TODAY'S article focuses on simple, practical steps leaders can take to have a greater impact in their workplace and effect change in the lives of those they lead.

  1. Demonstrate care each day. Team members need assurance daily that you are genuinely concerned about their well-being. A sincere 'how are you', periodic check-up on their children's welfare, and opening conversations regarding their passions and dreams all send the message that you are a caring leader. Care also involves telling your team members the truth about their behaviour and work performance.

  2. Do not be afraid to be vulnerable. It is fine to not know all the answers. Leaders who are straight and honest with what they do not know are valued and respected more than 'know it all' managers. This means, then, that a culture must be established where the leader can admit to making mistakes and apologise to team members for inappropriate actions and decisions.

  3. Be truly great at something, and use that gift to advance someone else and the organisations you serve. Successful leaders, and those who are respected, stand out because they are technically astute beyond what is 'average' in an area or discipline relating to their jobs. They are sought out as the leader in that specific area, and speak with authority on the matter. This also requires the leader to remain current in their expertise, constantly applying their learning.

  4. Demonstrate humility. Leaders with impact operate with a strong sense of modesty and meekness. They reject arrogance and a high-minded approach to leadership. Instead, they make every effort to blend in with the normal routine and demonstrate to the team each day that they are, like everyone else, part of the collective.

  5. Involve and engage others in your triumphs and major decisions. Democracy works in the workplace when major decisions are being made. People need to feel valued and part of the game. Openness and transparency wins many points for a leader not afraid to share information, ideas and concerns.

  6. Give praise and rewards generously. Small tokens of appreciation, and positive reinforcement in the form of compliments and praise, all go a long way in keeping employees engaged and motivated.

  7. Remain positive and optimistic about everything. No one appreciates complainers, especially when they are in leadership positions. The leader must be able to inspire and encourage others to see beauty and opportunity, even in dark situations. The 'glass half full' mindset is crucial in leaders.
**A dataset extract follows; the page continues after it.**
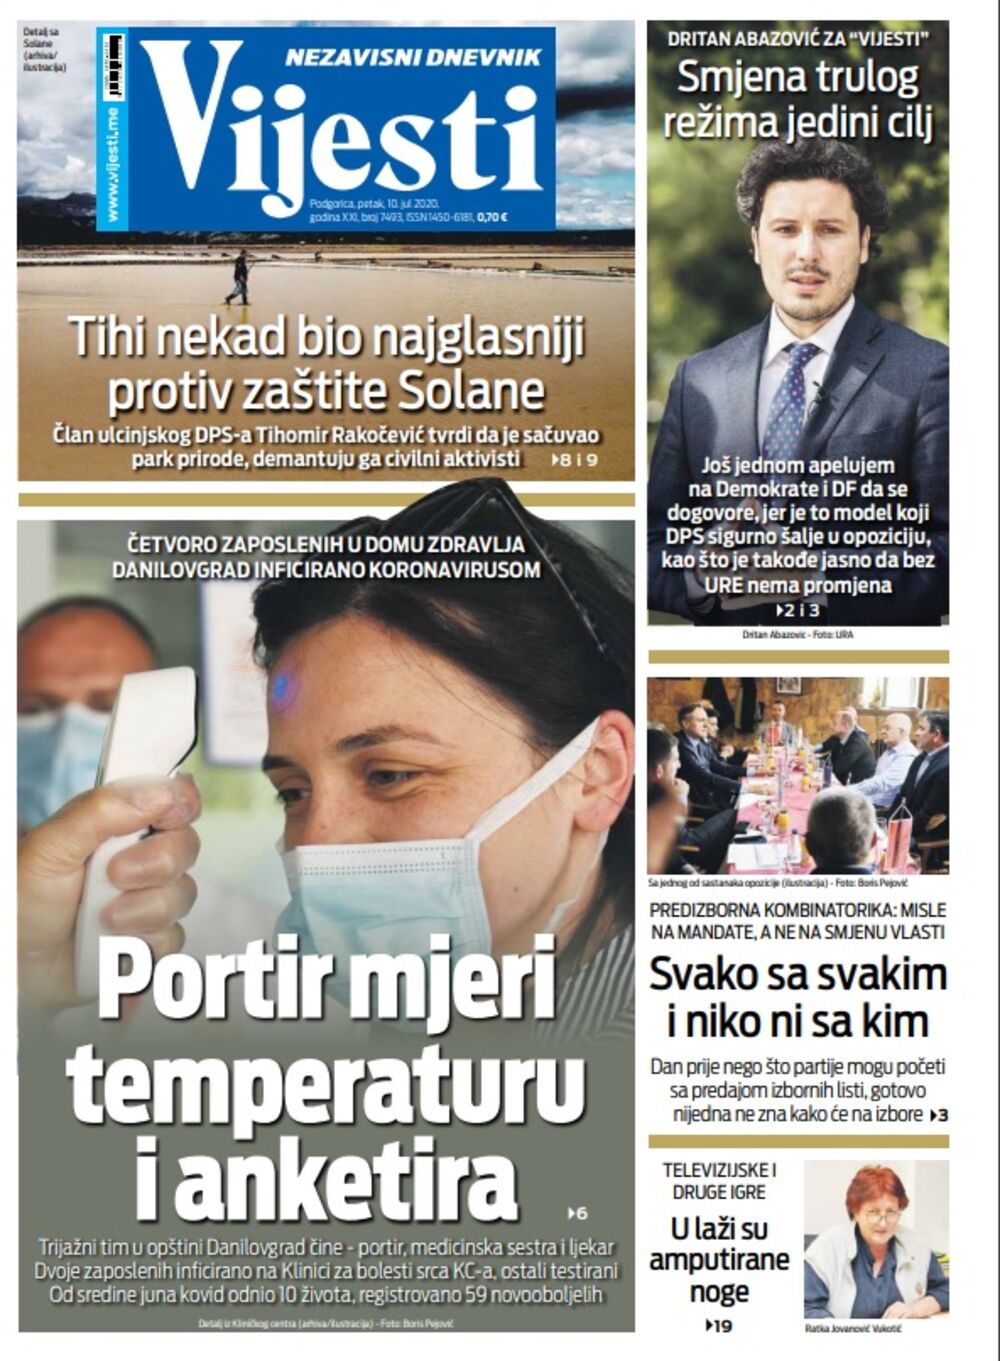 Naslovna strana "Vijesti" za petak 10. jul 2020. godine, Foto: Vijesti

  8. Learn to balance the things that matter most, and say 'no' to those that cannot be accommodated on your top priority list. Do not try to become everyone's hero. There are simply some events, people and projects you cannot make a contribution to. Be fair and honest about those things, and keep it moving.

• NB: Ian R. Ferguson is a talent management and organisational development consultant, having completed graduate studies with regional and international universities. He has served organsations, both locally and globally, providing relevant solutions to their business growth and development issues. He may be contacted at tcconsultants@coralwave.com.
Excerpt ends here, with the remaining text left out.